(Beginning of PROVIDED MATERIAL)

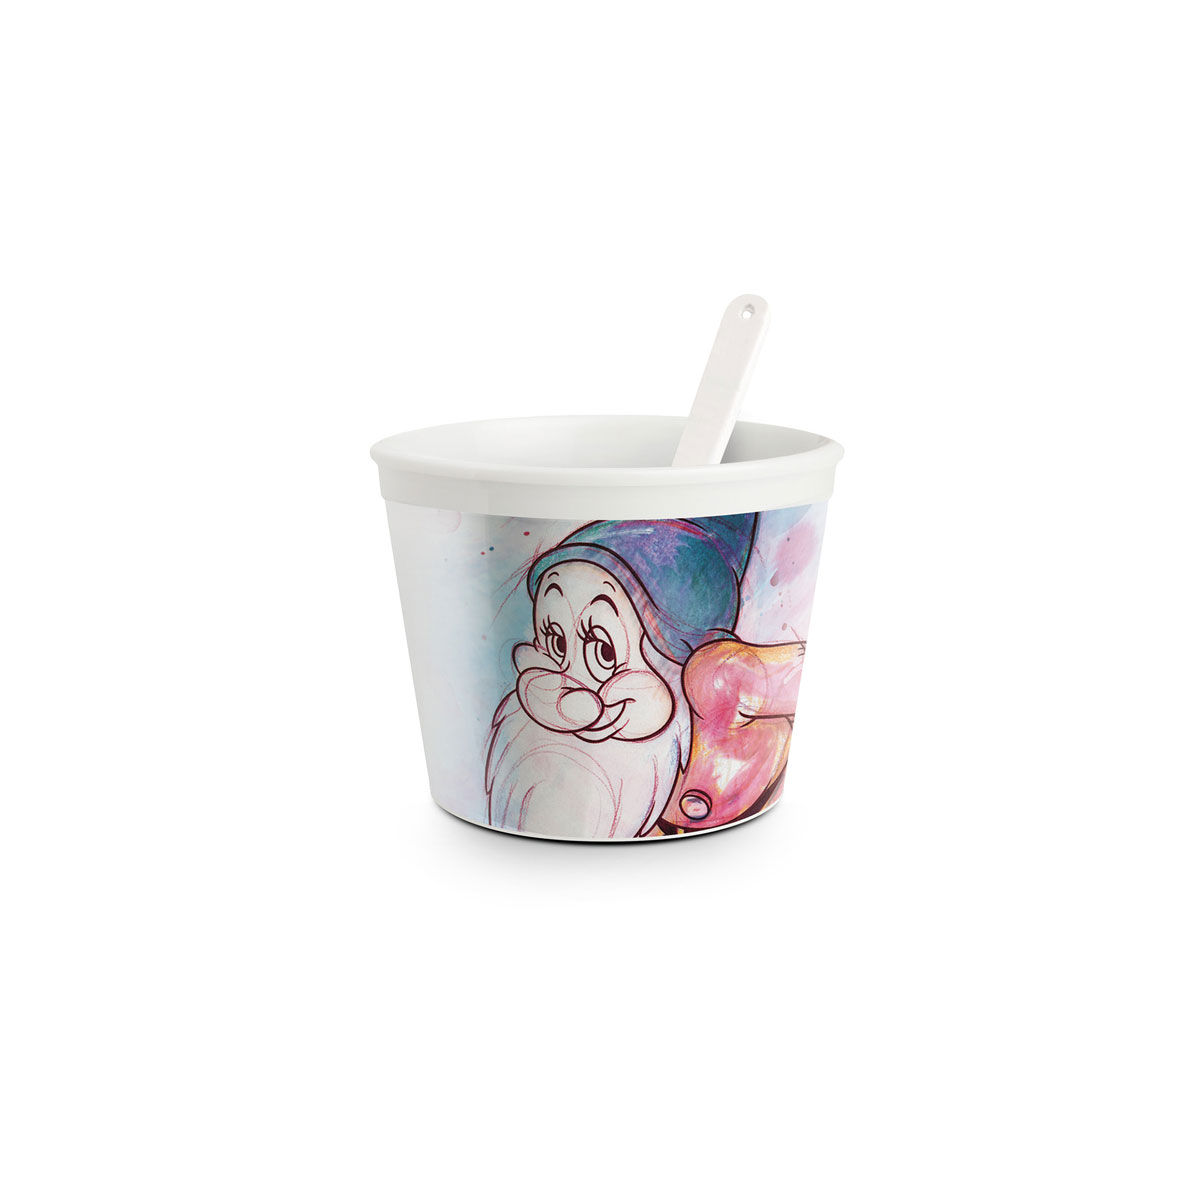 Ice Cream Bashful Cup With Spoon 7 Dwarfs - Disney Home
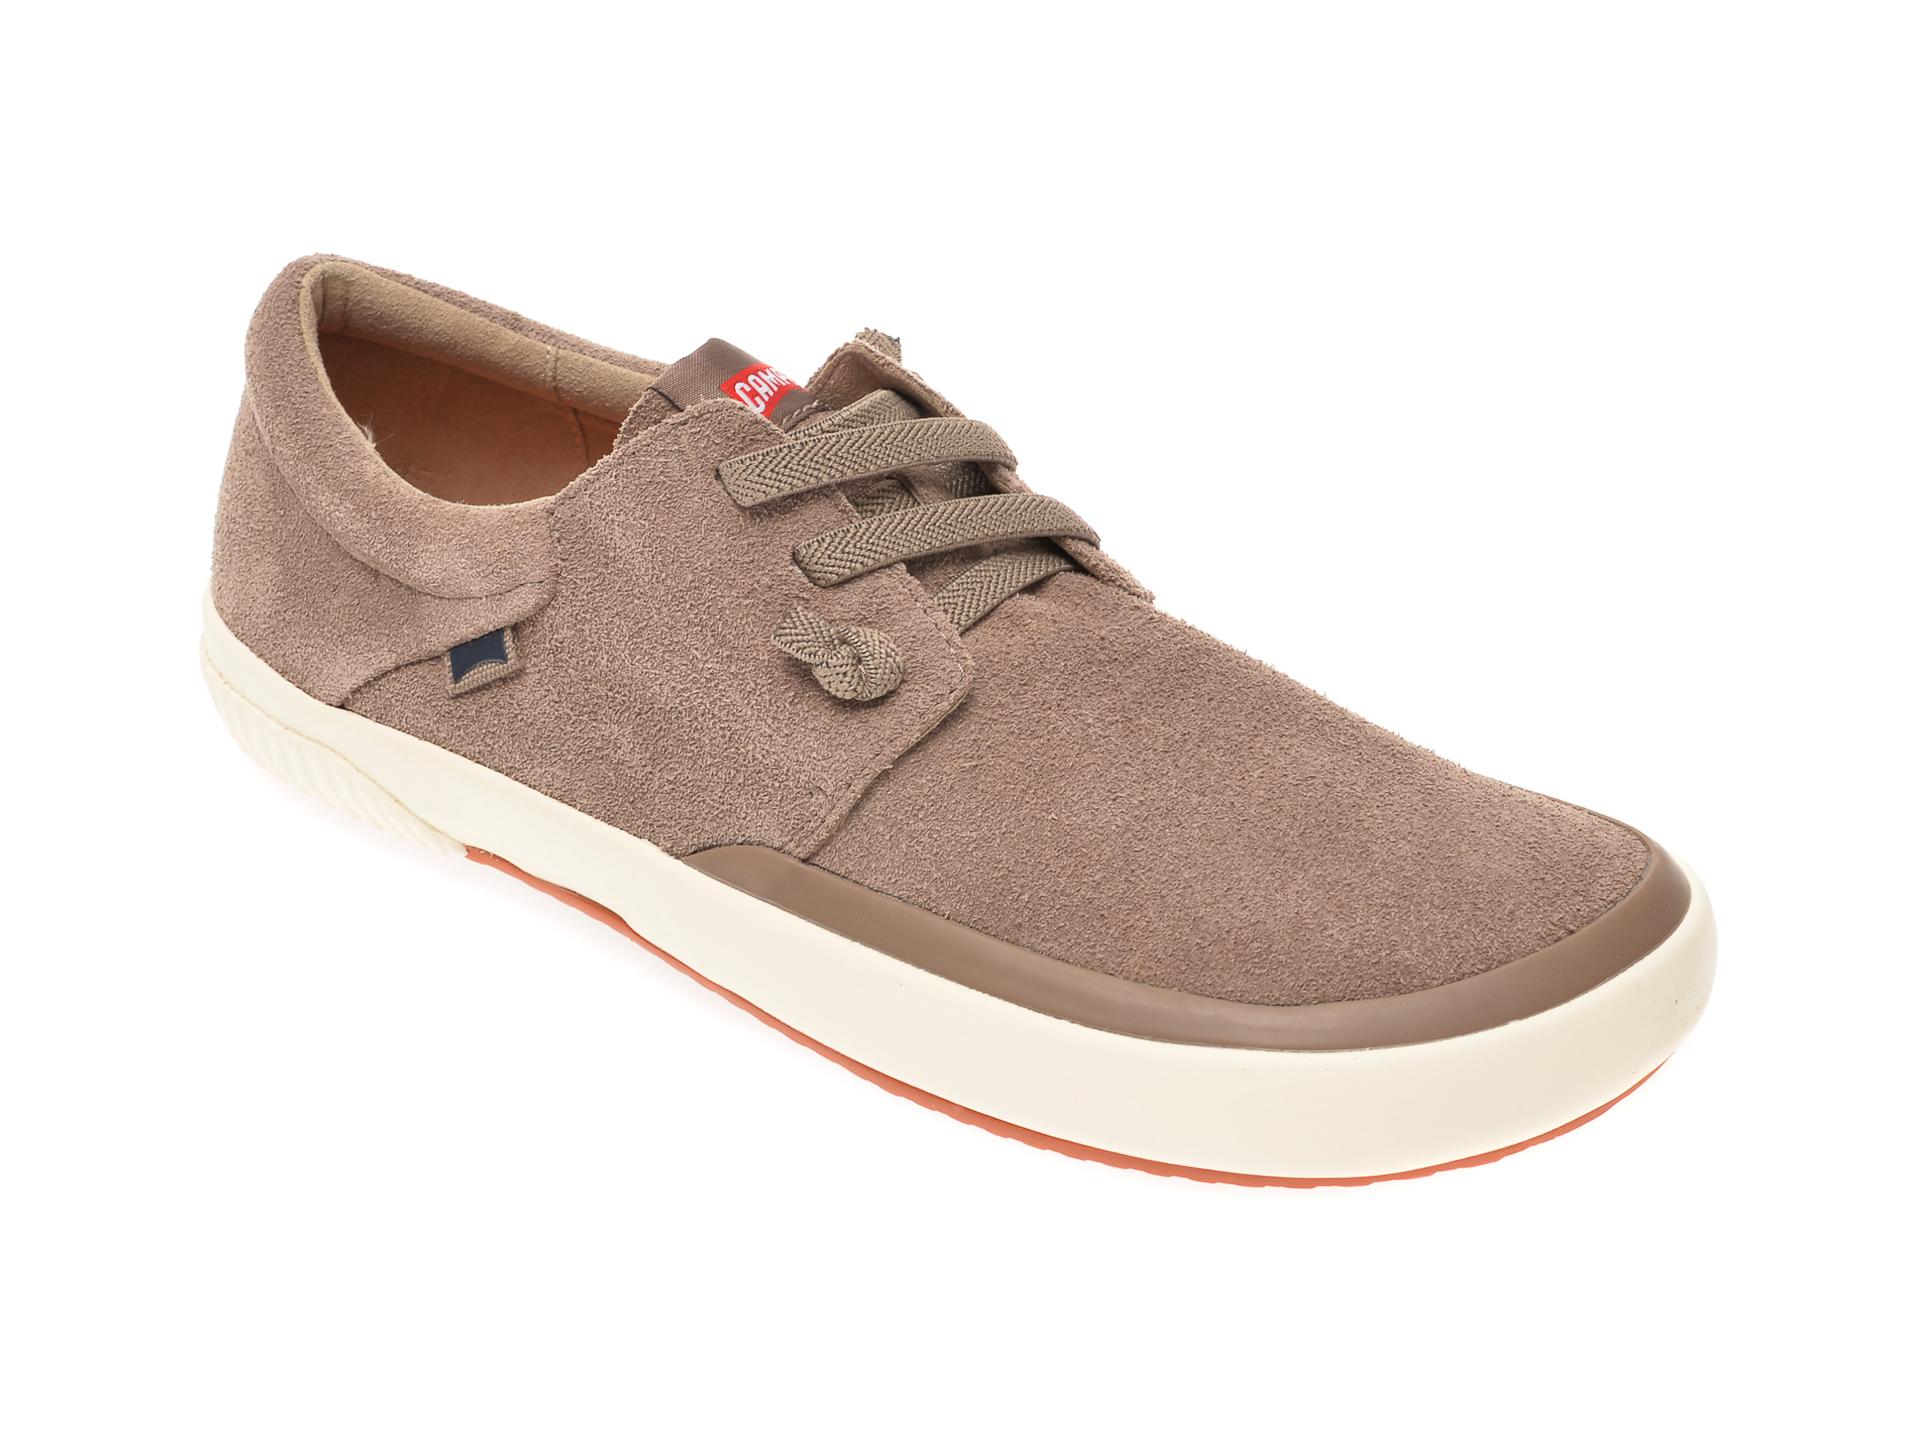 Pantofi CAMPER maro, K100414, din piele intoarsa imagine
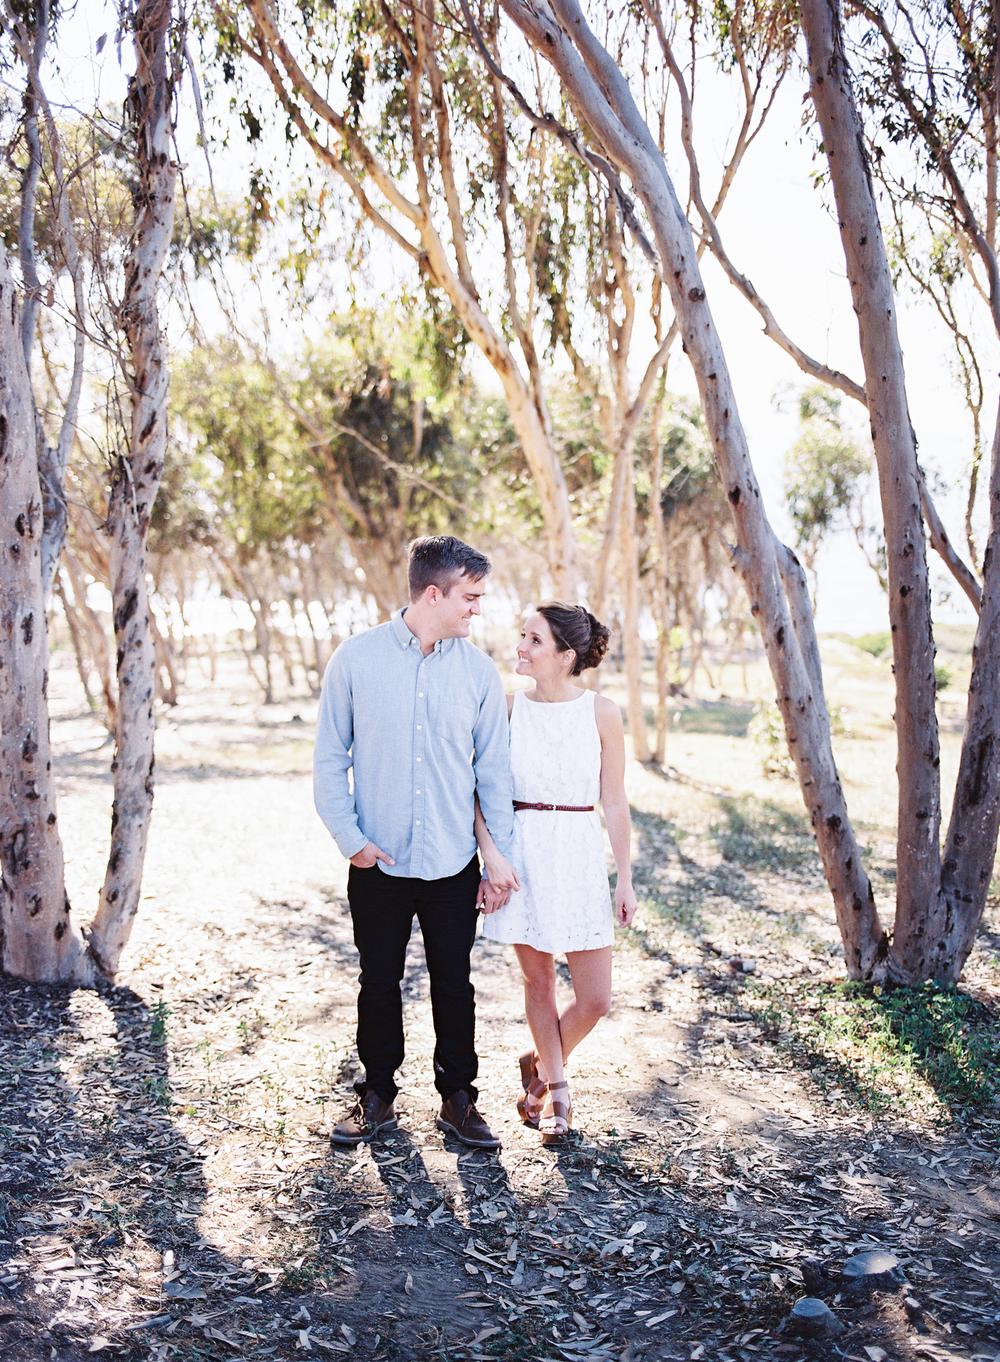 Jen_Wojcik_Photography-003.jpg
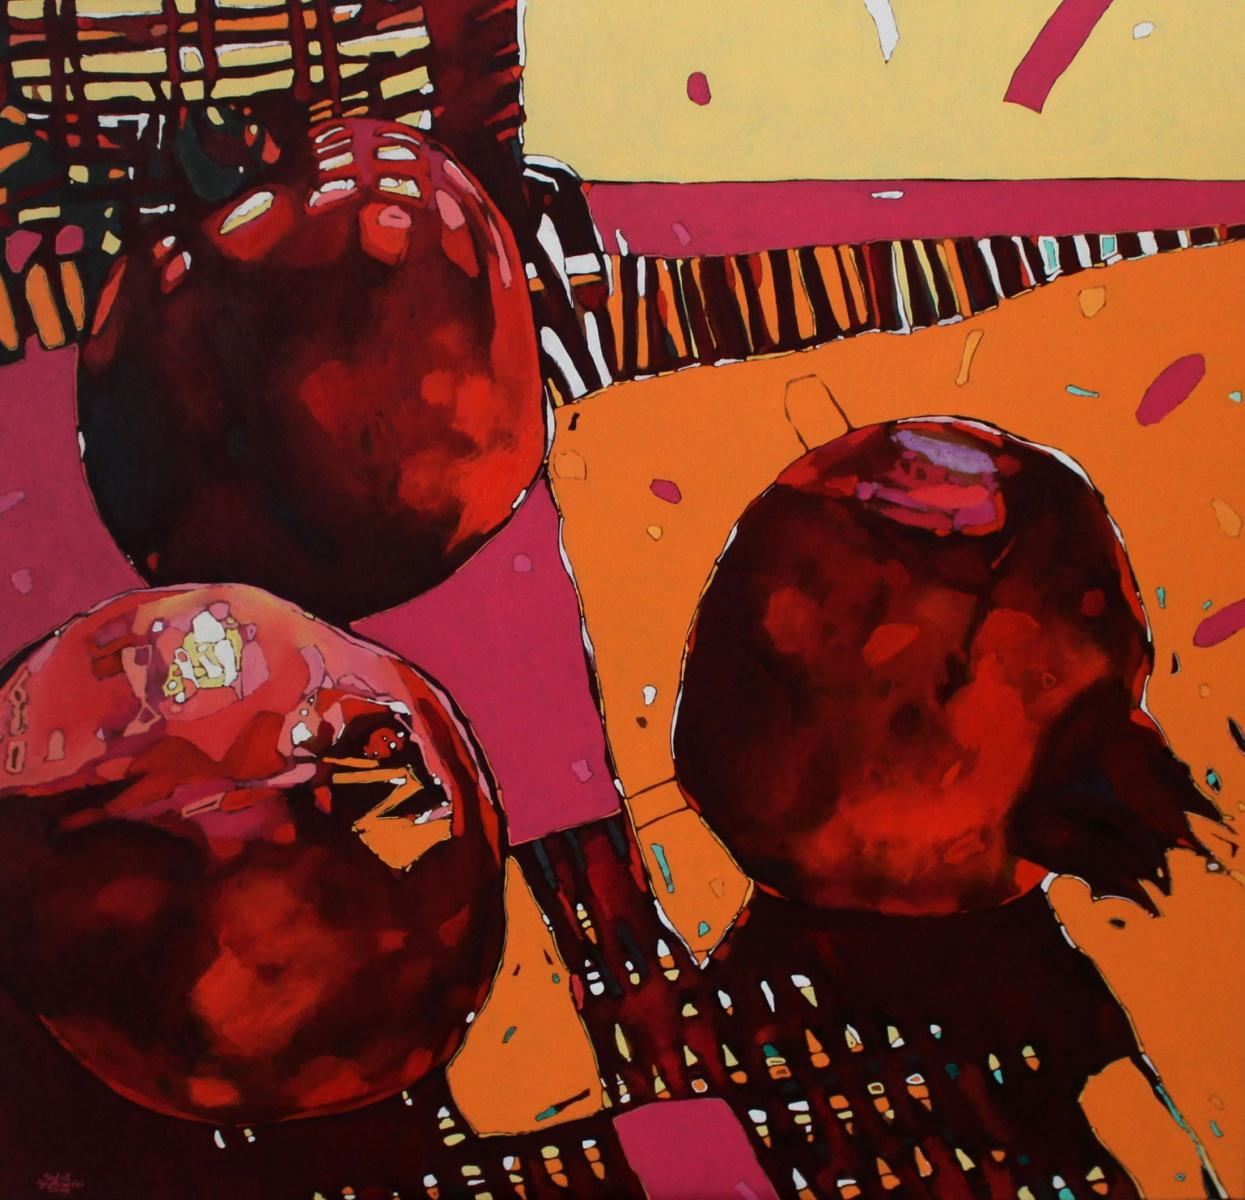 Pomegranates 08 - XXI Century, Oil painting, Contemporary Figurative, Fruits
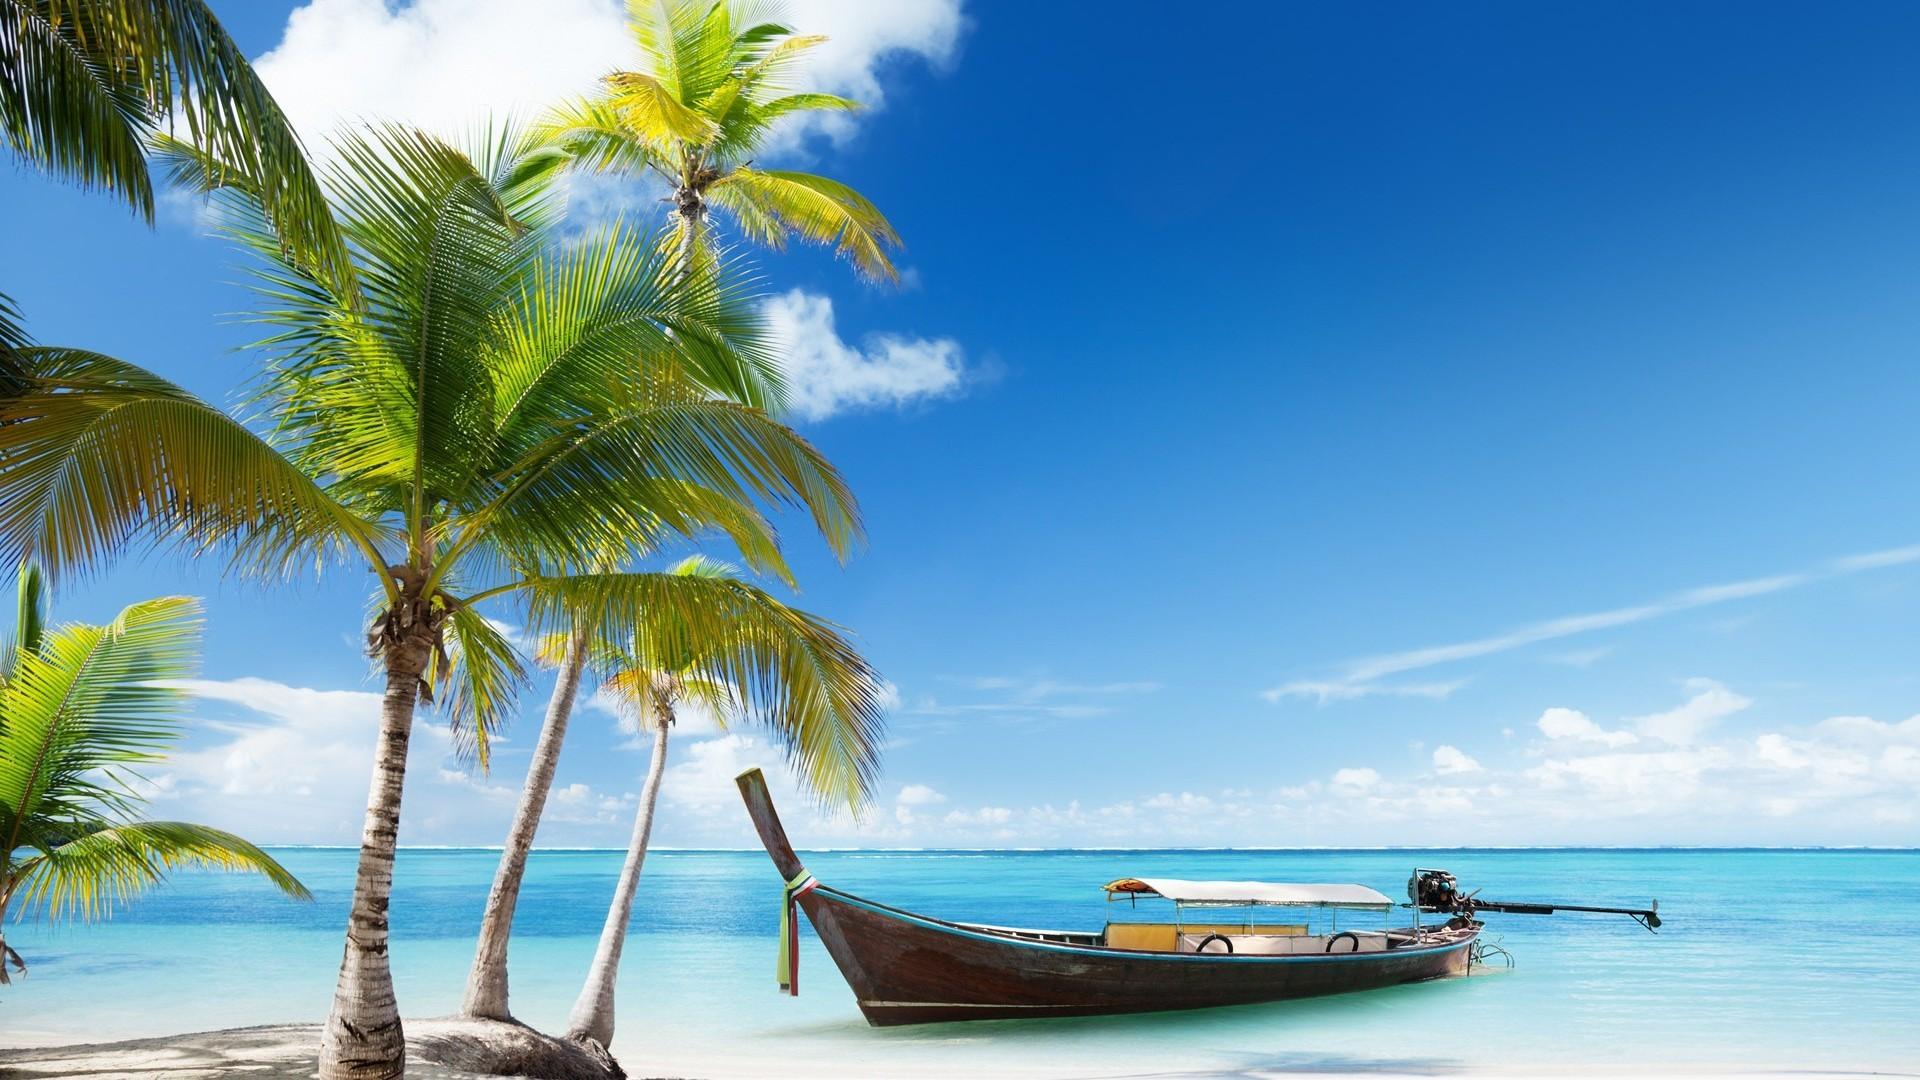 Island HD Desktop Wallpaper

(End of PROVIDED MATERIAL)

PROBLEM DESCRIPTION> Only the lines from the one containing "Pantofi CAMPER maro, K100414, din" through the final line of the material should appear in the answer, copied exactly and without any picture.

WORKED SOLUTION>
 Pantofi CAMPER maro, K100414, din piele intoarsa imagine
 Jen_Wojcik_Photography-003.jpg
 Pomegranates 08 - XXI Century, Oil painting, Contemporary Figurative, Fruits
 Island HD Desktop Wallpaper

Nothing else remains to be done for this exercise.